Department of Food Science, University of Guelph, Guelph, Ontario, Canada N1G 2W1.
J Colloid Interface Sci. 2010 Apr 15;344(2):372-81. doi: 10.1016/j.jcis.2010.01.006. Epub 2010 Jan 11.
An in vitro digestion model mimicking the gastric phase of the human gastrointestinal tract coupled with SDS-PAGE and MALDI-TOF mass spectroscopy was employed to study the hydrolysis profiles of whey proteins in solution and adsorbed at the oil-water interface. The objective of this work was to understand the differences in hydrolysis behaviour of whey protein isolates once adsorbed at the interface, and comparisons were carried out with pure beta-lactoglobulin and alpha-lactalbumin fractions. In solution, while beta-lactoglobulin appeared to be resistant to enzymatic treatment, alpha-lactalbumin was fully degraded. Adsorption of both proteins at the oil-water interface affected their conformational structure and susceptibility to peptic hydrolysis. Adsorbed beta-lactoglobulin was hydrolyzed into small polypeptides and in contrast, the resistance of alpha-lactalbumin to pepsin increased upon adsorption at the interface. In addition, changes in the particle size distribution of the droplets during pepsin hydrolysis mainly depended on the original protein concentration. The results suggested that exchanges occur at the interface between adsorbed and non-adsorbed protein, that is to say that either some protein desorb from the interface and does not fully recover its structure in solution, or that hydrolysis of the protein at the interface induces further adsorption and hydrolysis of the protein in solution. These mechanisms have important implications in the digestibility of the proteins.

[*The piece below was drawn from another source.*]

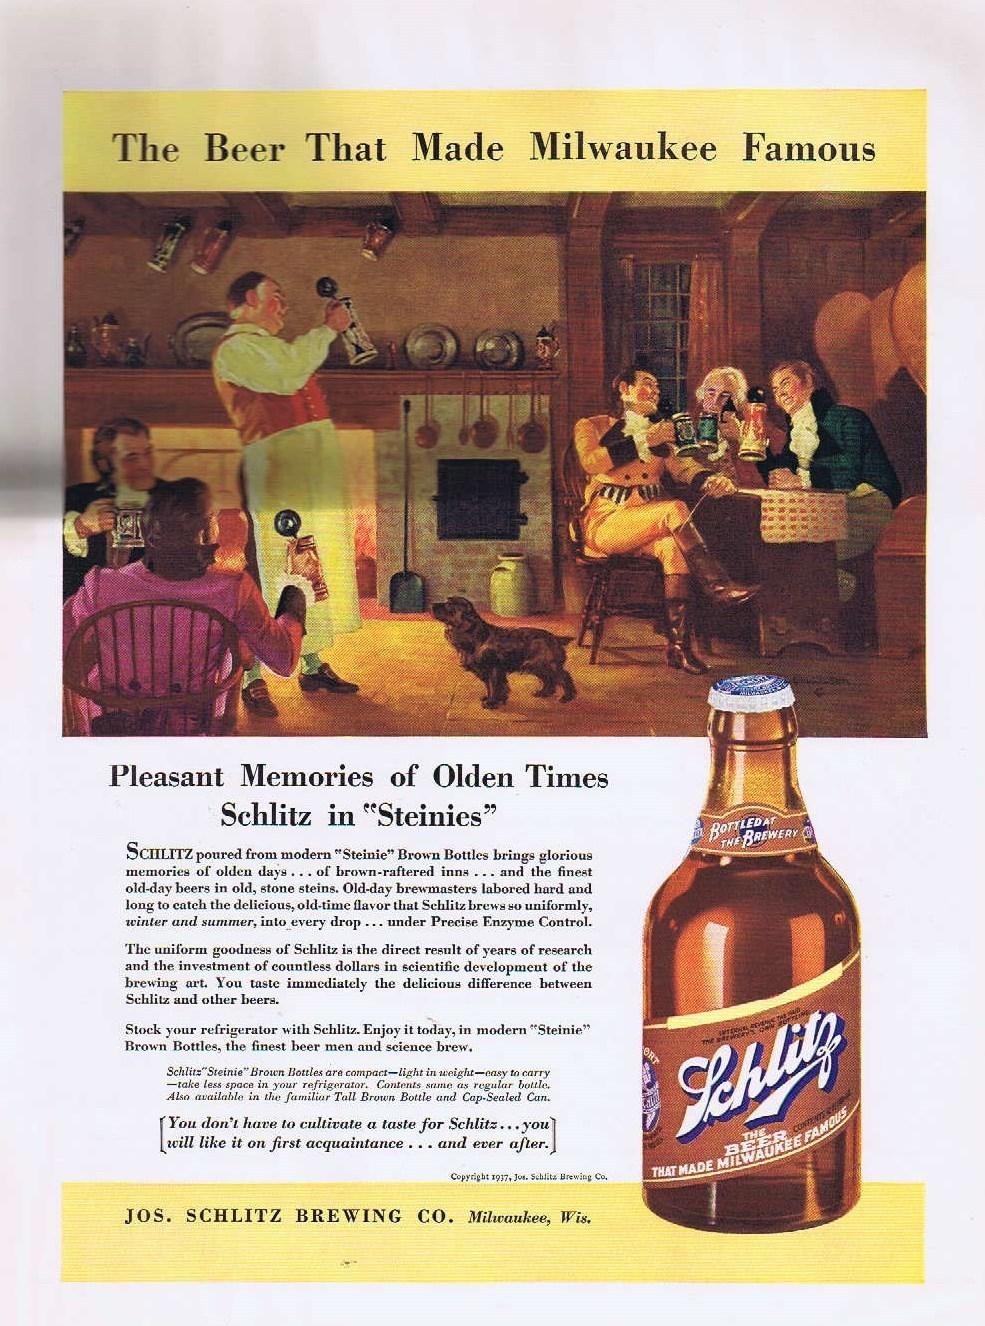 """Schlitz Beer in """"Steinie"""" Brown Bottles 1937 Original Vintage Advertisement"""

采用体外消化模型模拟人体胃肠道的胃阶段,结合 SDS-PAGE 和 MALDI-TOF 质谱分析,研究了乳清蛋白在溶液中和吸附在油水界面时的水解情况。本工作的目的是了解乳清蛋白在吸附到界面后水解行为的差异,并与纯β-乳球蛋白和α-乳白蛋白部分进行比较。在溶液中,β-乳球蛋白似乎对酶处理有抗性,而α-乳白蛋白则完全降解。两种蛋白质在油水界面的吸附都会影响它们的构象结构和对胃蛋白酶水解的敏感性。吸附的β-乳球蛋白被水解成小肽,而α-乳白蛋白在界面吸附后对胃蛋白酶的抗性增加。此外,胃蛋白酶水解过程中液滴粒径分布的变化主要取决于原始蛋白质浓度。结果表明,在吸附和非吸附蛋白质之间发生了交换,也就是说,一些蛋白质从界面解吸,在溶液中不能完全恢复其结构,或者界面上的蛋白质水解诱导了溶液中蛋白质的进一步吸附和水解。这些机制对蛋白质的消化性有重要影响。